## [WHAT YOU SHOULD DO]
No pictures belong in the copy. Set down exactly the lines from the one that contains "Cornerstone Chiropractic Centre logo" through the end of the data.

## [INFORMATION]
- Opening Delimiter -

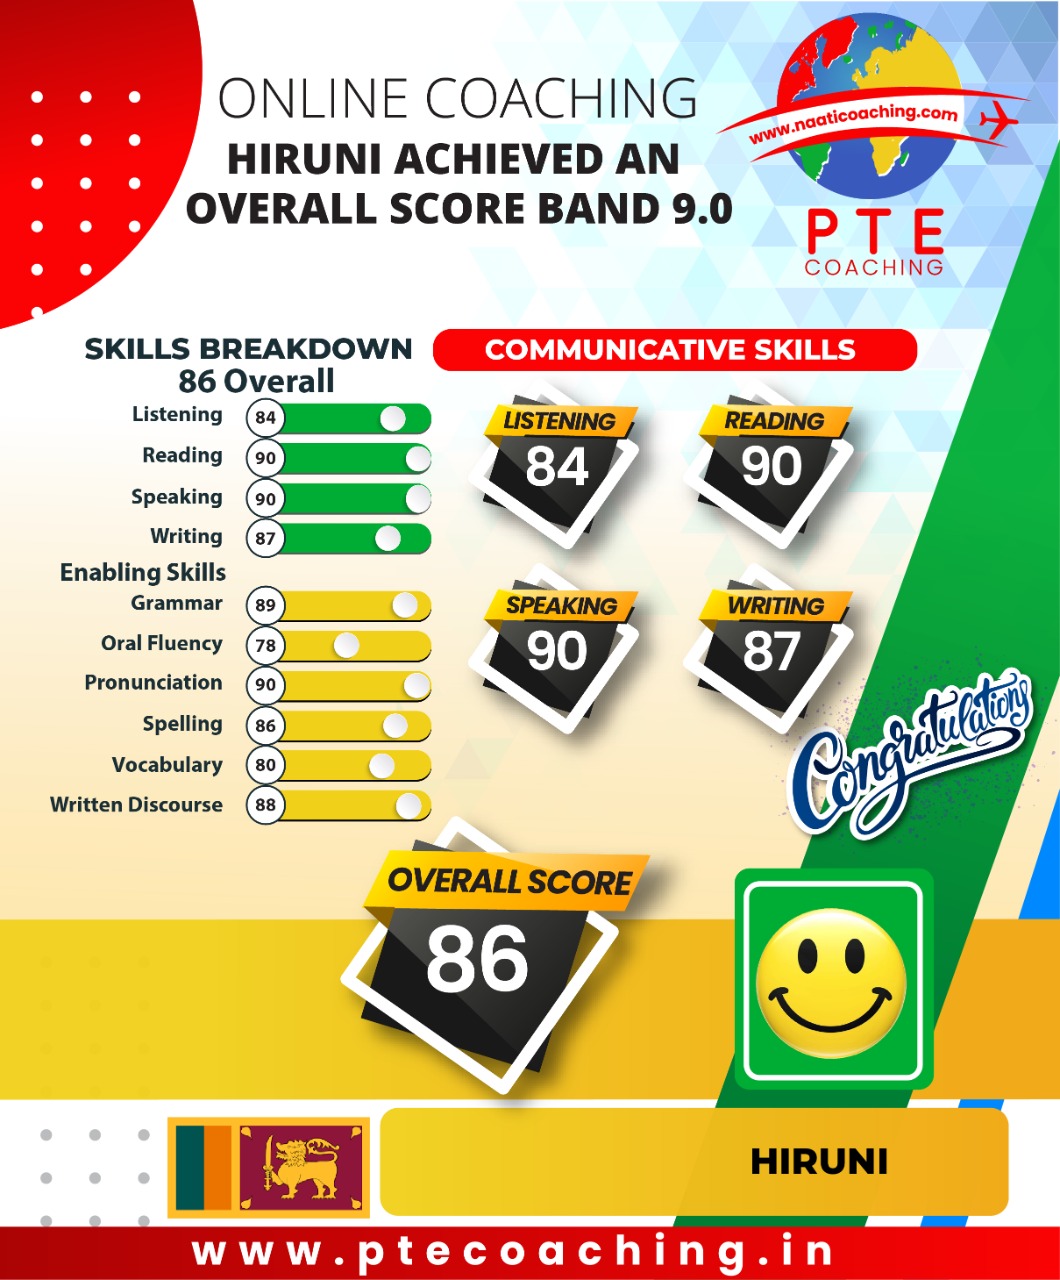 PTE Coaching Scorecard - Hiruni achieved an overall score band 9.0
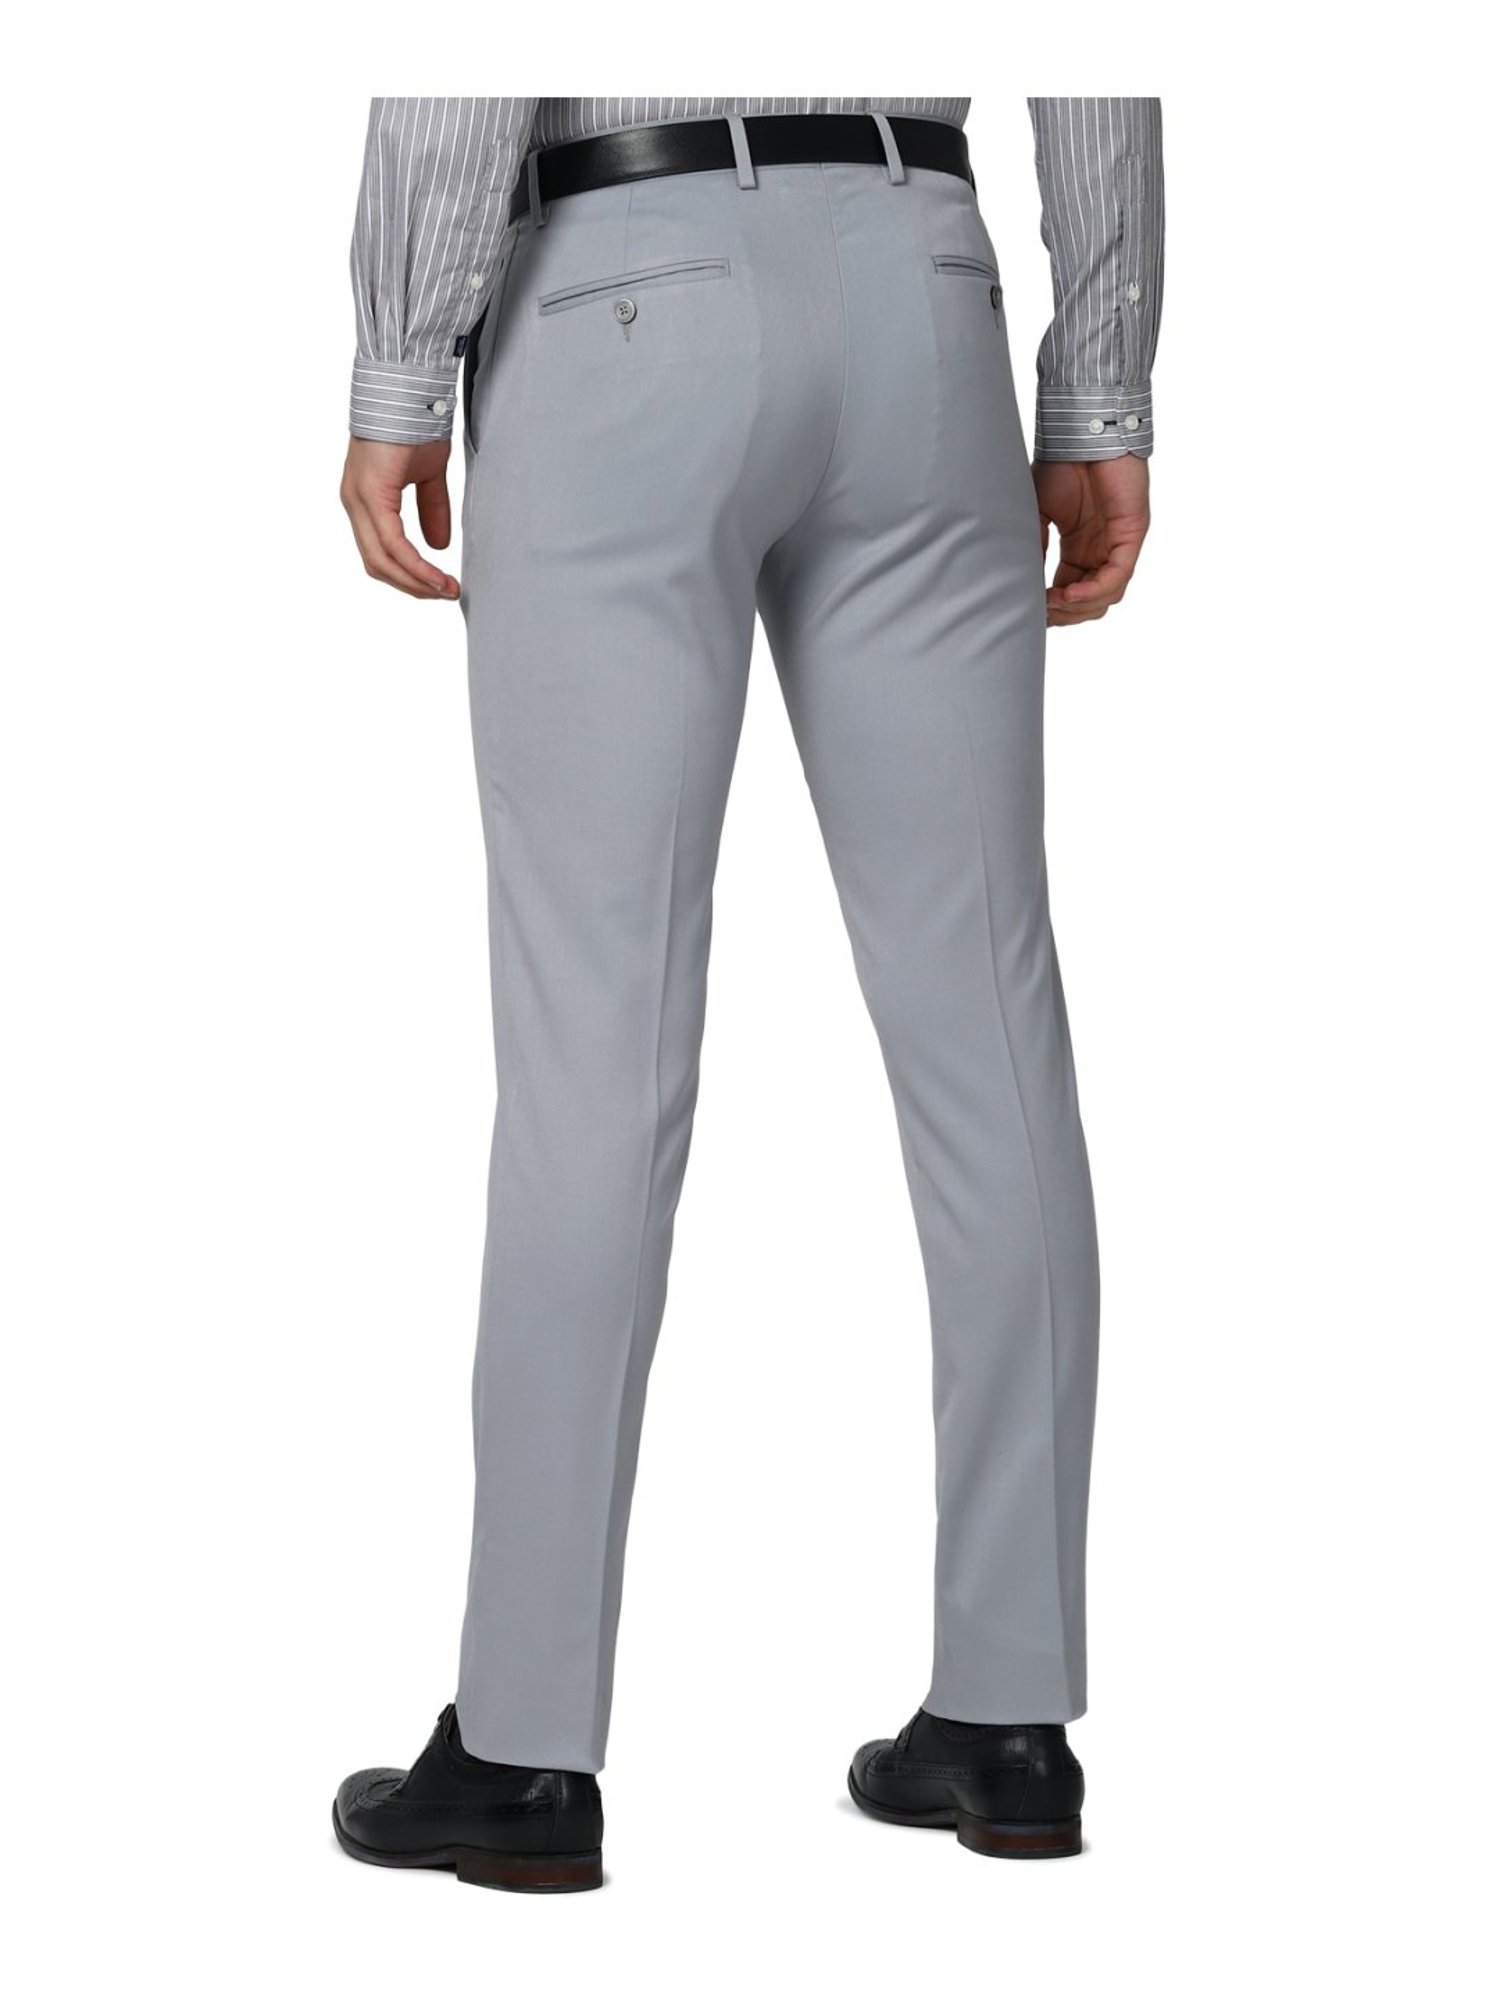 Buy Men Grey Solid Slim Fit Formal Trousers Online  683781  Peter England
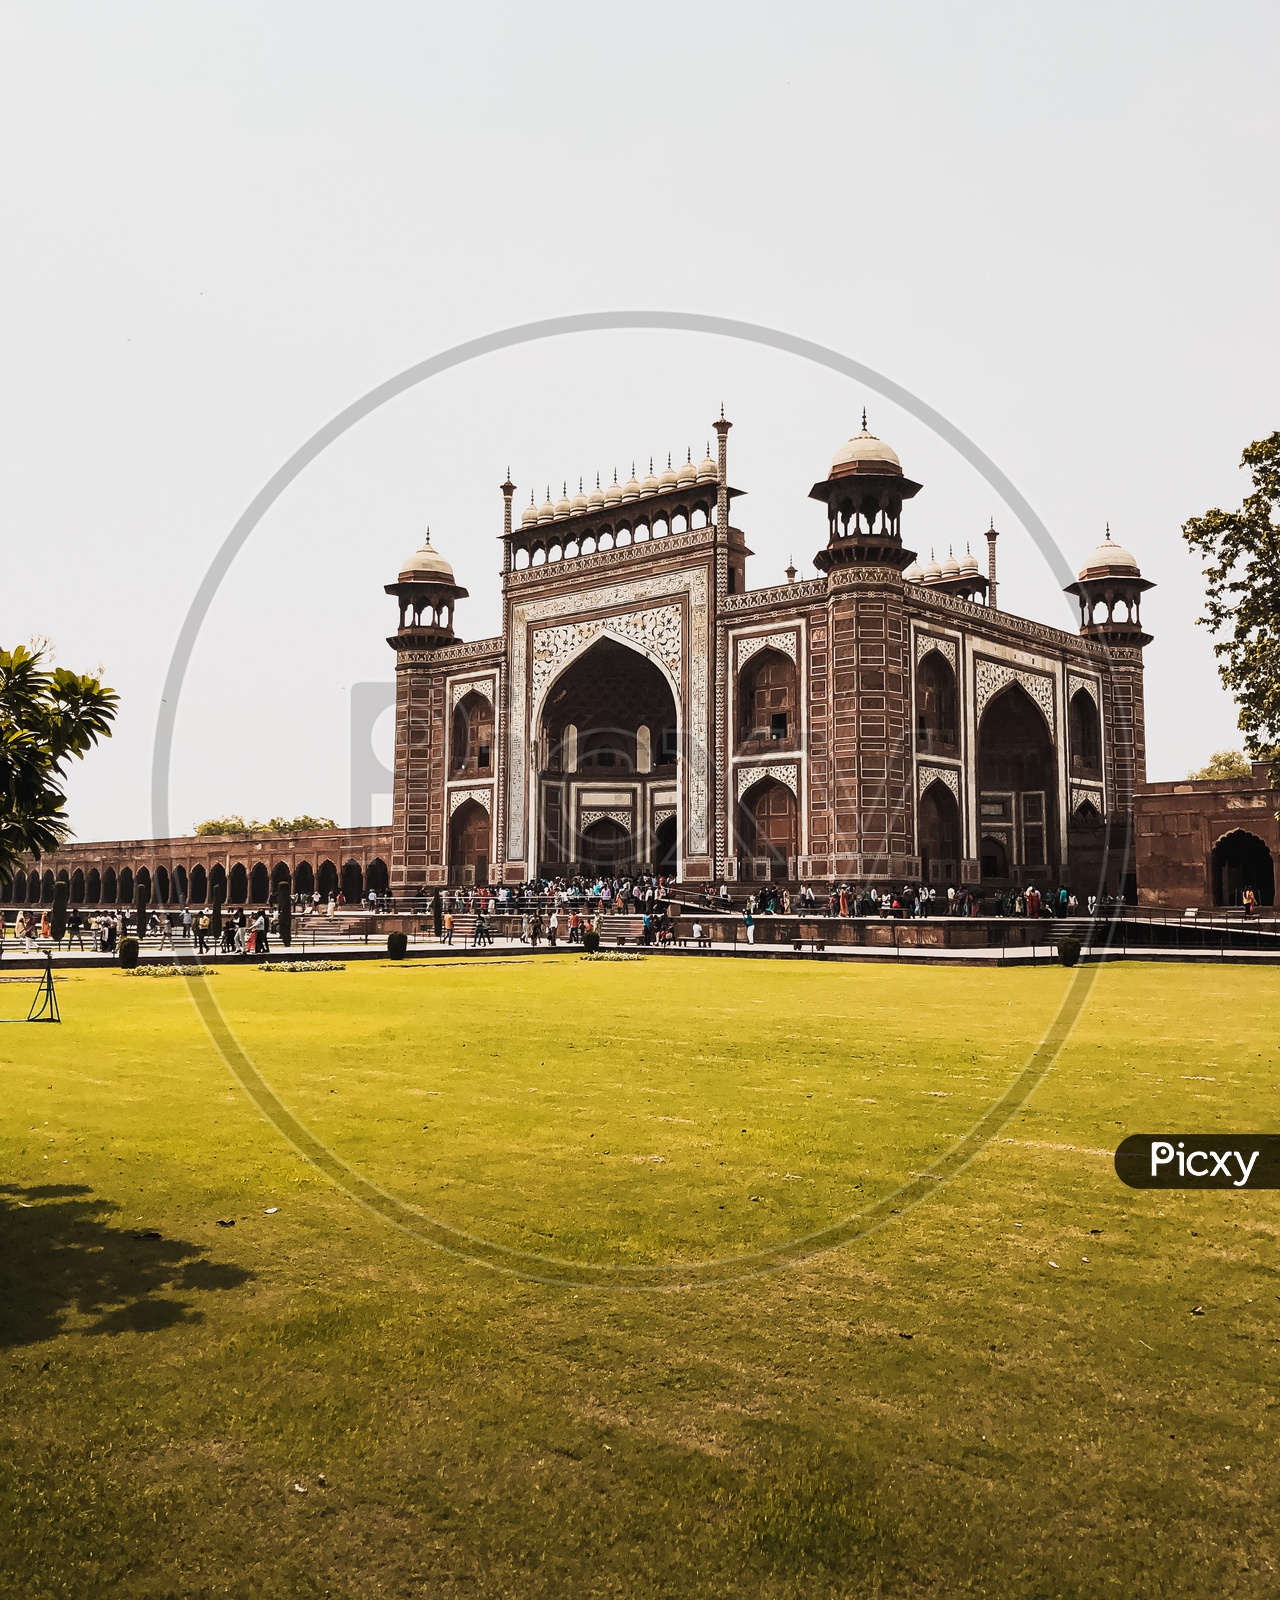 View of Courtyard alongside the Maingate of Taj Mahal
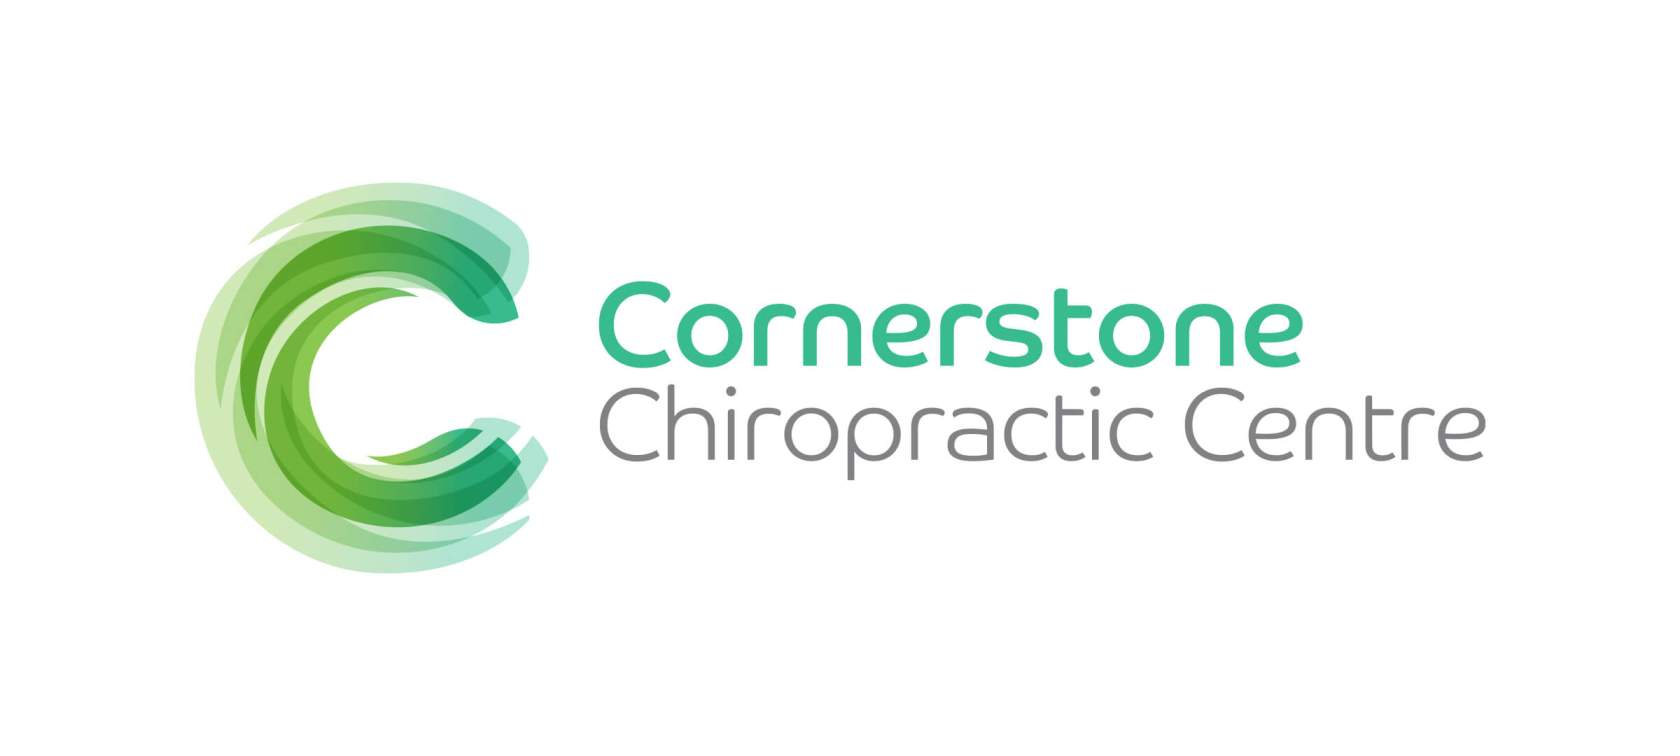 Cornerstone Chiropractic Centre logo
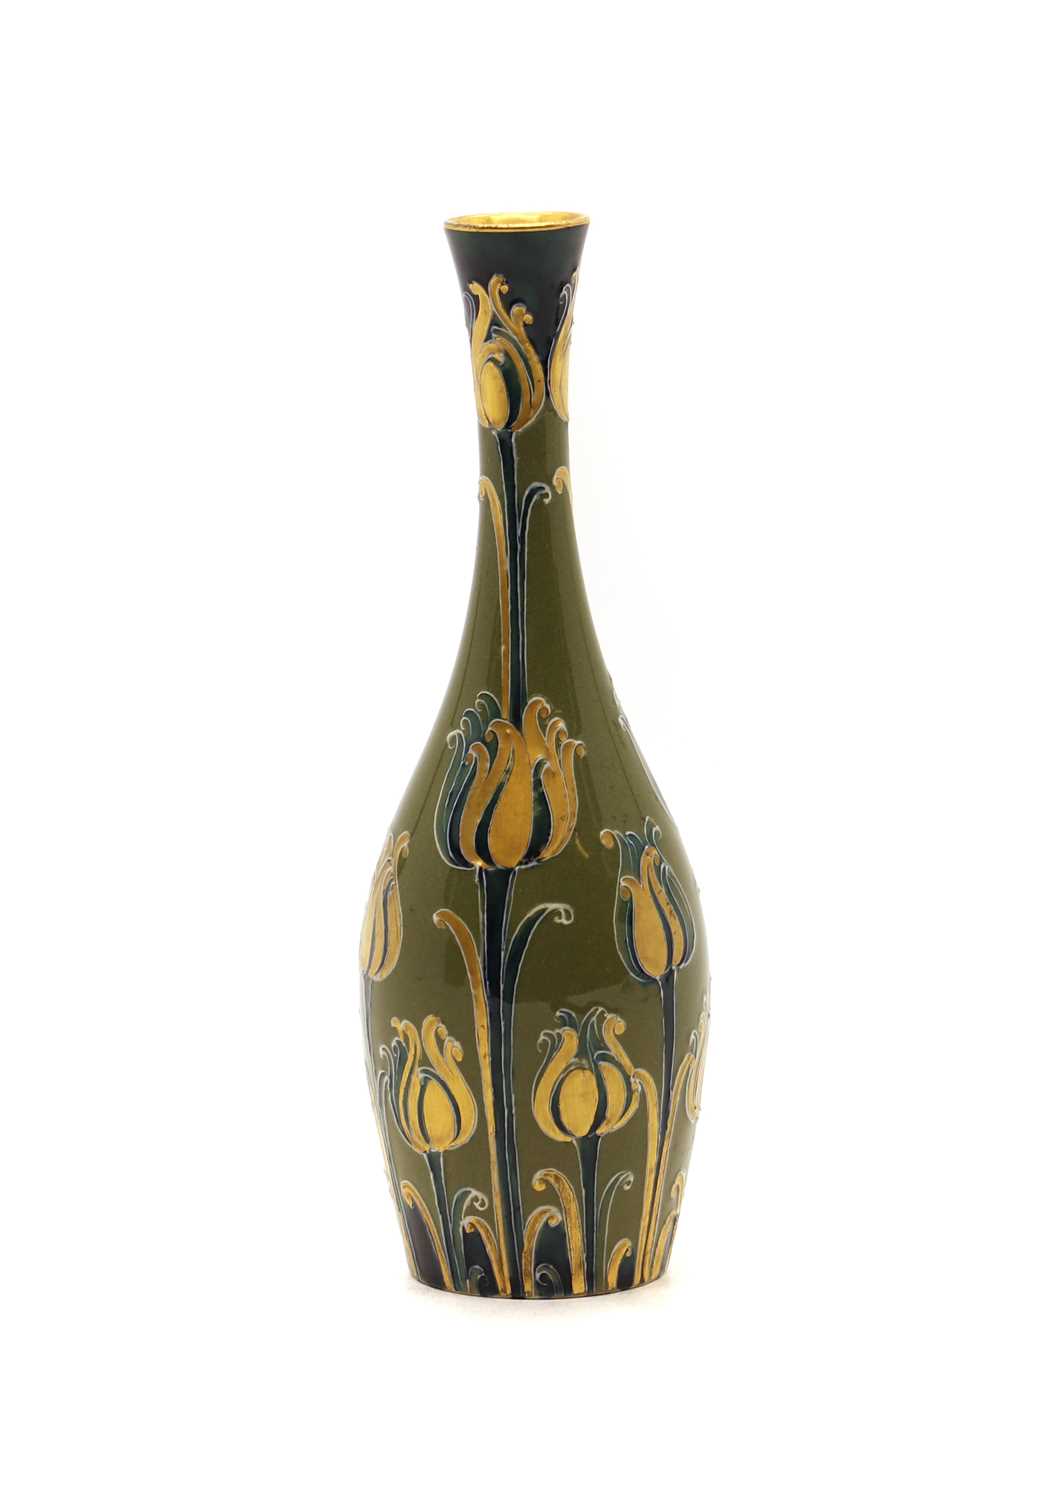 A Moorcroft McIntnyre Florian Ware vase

- Closing Delimiter -

## [SOLUTION FOR THIS PROBLEM]
 Cornerstone Chiropractic Centre logo
 A Moorcroft McIntnyre Florian Ware vase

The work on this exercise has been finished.